Please don't blow your cover until you've checked out your legal position wrt DC, you need to know where you stand before you risk him knowing you know.

Wishthereweremorecrumpets · 02/08/2025 19:59

Been reading, children of non Muslim women stay with their mum until 7 years then go with Dad.

OP posts:
GrumpyInsomniac · 02/08/2025 19:59

OK, well right now, tell him you think you’re coming down with something. Let him know that before anything else, because if you’re a bit off - understandably - it can be put down to this non-specific bug you’ve picked up.

You have to try to hold it together until you know the legal situation. I don’t know whether you would feel comfortable saying which country you’re in, but maybe a name change and post on the divorce boards in case someone has country-specific experience if you’re worried about it being outing.
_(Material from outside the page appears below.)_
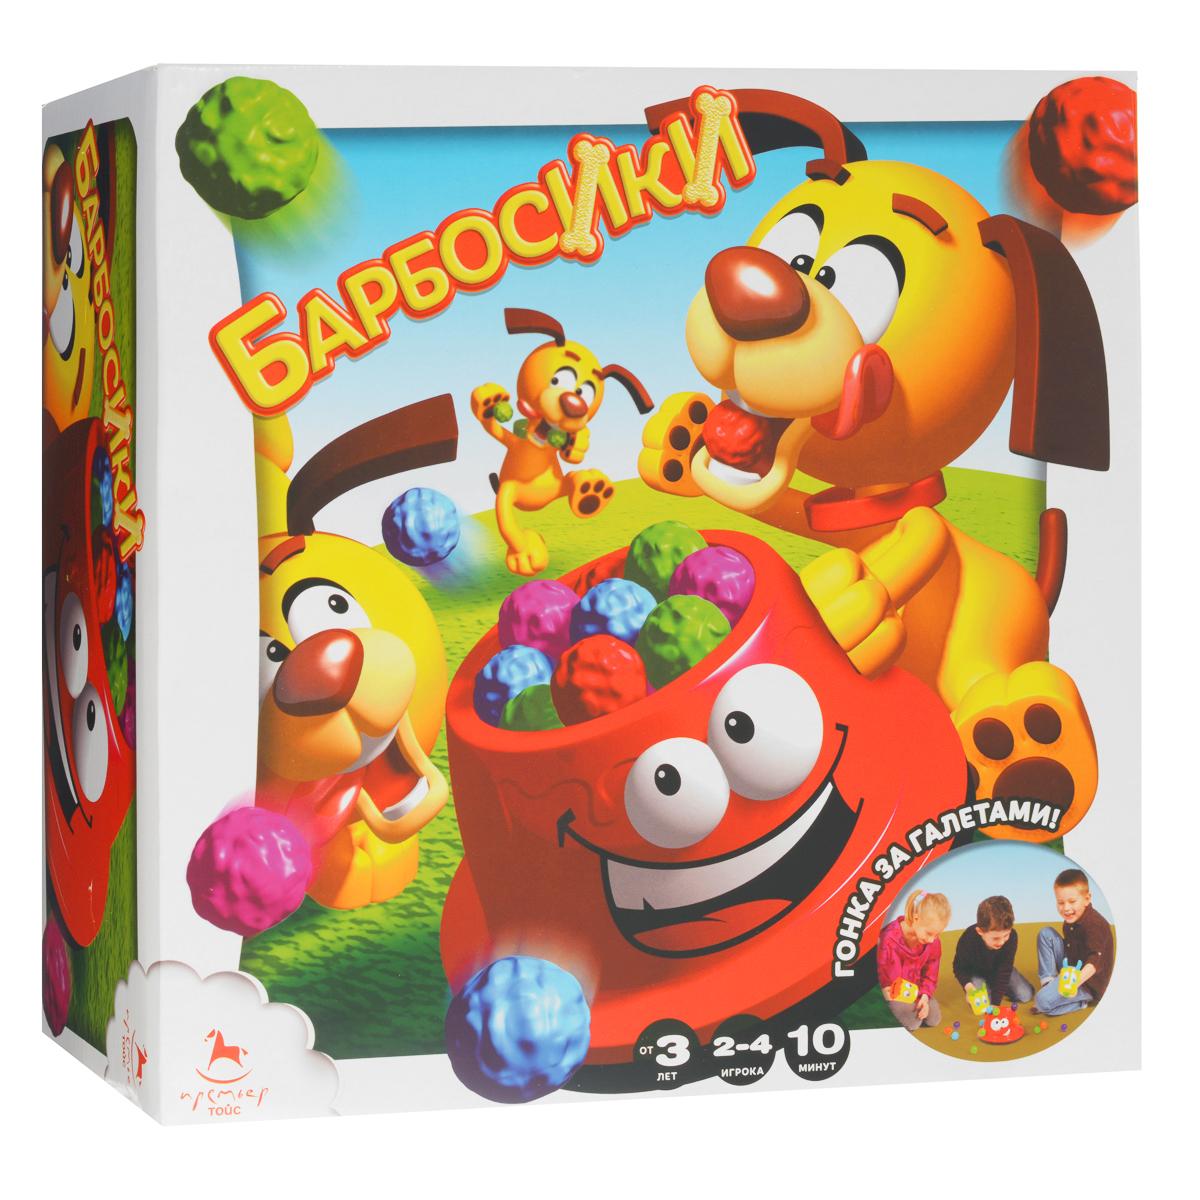 Настольная игра Asmodee БарбосикиJact03RuНастольная игра Asmodee Барбосики - это веселая подвижная игра для малышей, рассчитанная на 2-4 игроков. Цель игры - накормить своего Барбосика разноцветными шариками-галетами, а для этого нужно быстро и правильно решить забавные задания на карточках. В эту игру с одинаковым азартом будут играть как трехлетние малыши, так и младшие школьники, ведь игровой процесс в равной степени увлекает непосед разного возраста. Игра не требует длительного изучения правил: выберите цвет своего Барбосика, наденьте на ковш соответствующую крышку, наклейте наклейки. Теперь щенки готовы кушать! Опустите дно миски до упора и потяните за косточку-рычаг. Насыпьте внутрь цветные шарики и нажмите на лапку - шарики начнут подниматься, а затем будут выпадать наружу. Как только шарики упадут на пол - можно приступать к игре. Ударяйте по шарикам ковшиком, чтобы собрать их внутрь. Дети будут состязаться друг с другом, развивая зрительно-моторную координацию, внимательность, цветовое восприятие,...

You need to know where you stand asap.

And since you know you need to protect the kids, it may be easier than you think to not ask him outright what he’s been doing.

Endofyear · 02/08/2025 20:00

Don't let him know you know anything until you've got some legal advice. If you don't think you can 'act normal' , say you're ill (terrible migraine) and need some space and peace and quiet. Do your best to stay out of his way. Is there any way you can get into his phone/laptop? Do you have any inkling who he might be seeing?

GrumpyInsomniac · 02/08/2025 20:01

Wishthereweremorecrumpets · 02/08/2025 19:59

Been reading, children of non Muslim women stay with their mum until 7 years then go with Dad.

Is this compulsory, or can it be varied so as not to split up siblings?

MarySueSaidBoo · 02/08/2025 20:04

Can you make contact with the British Embassy in the country you're in?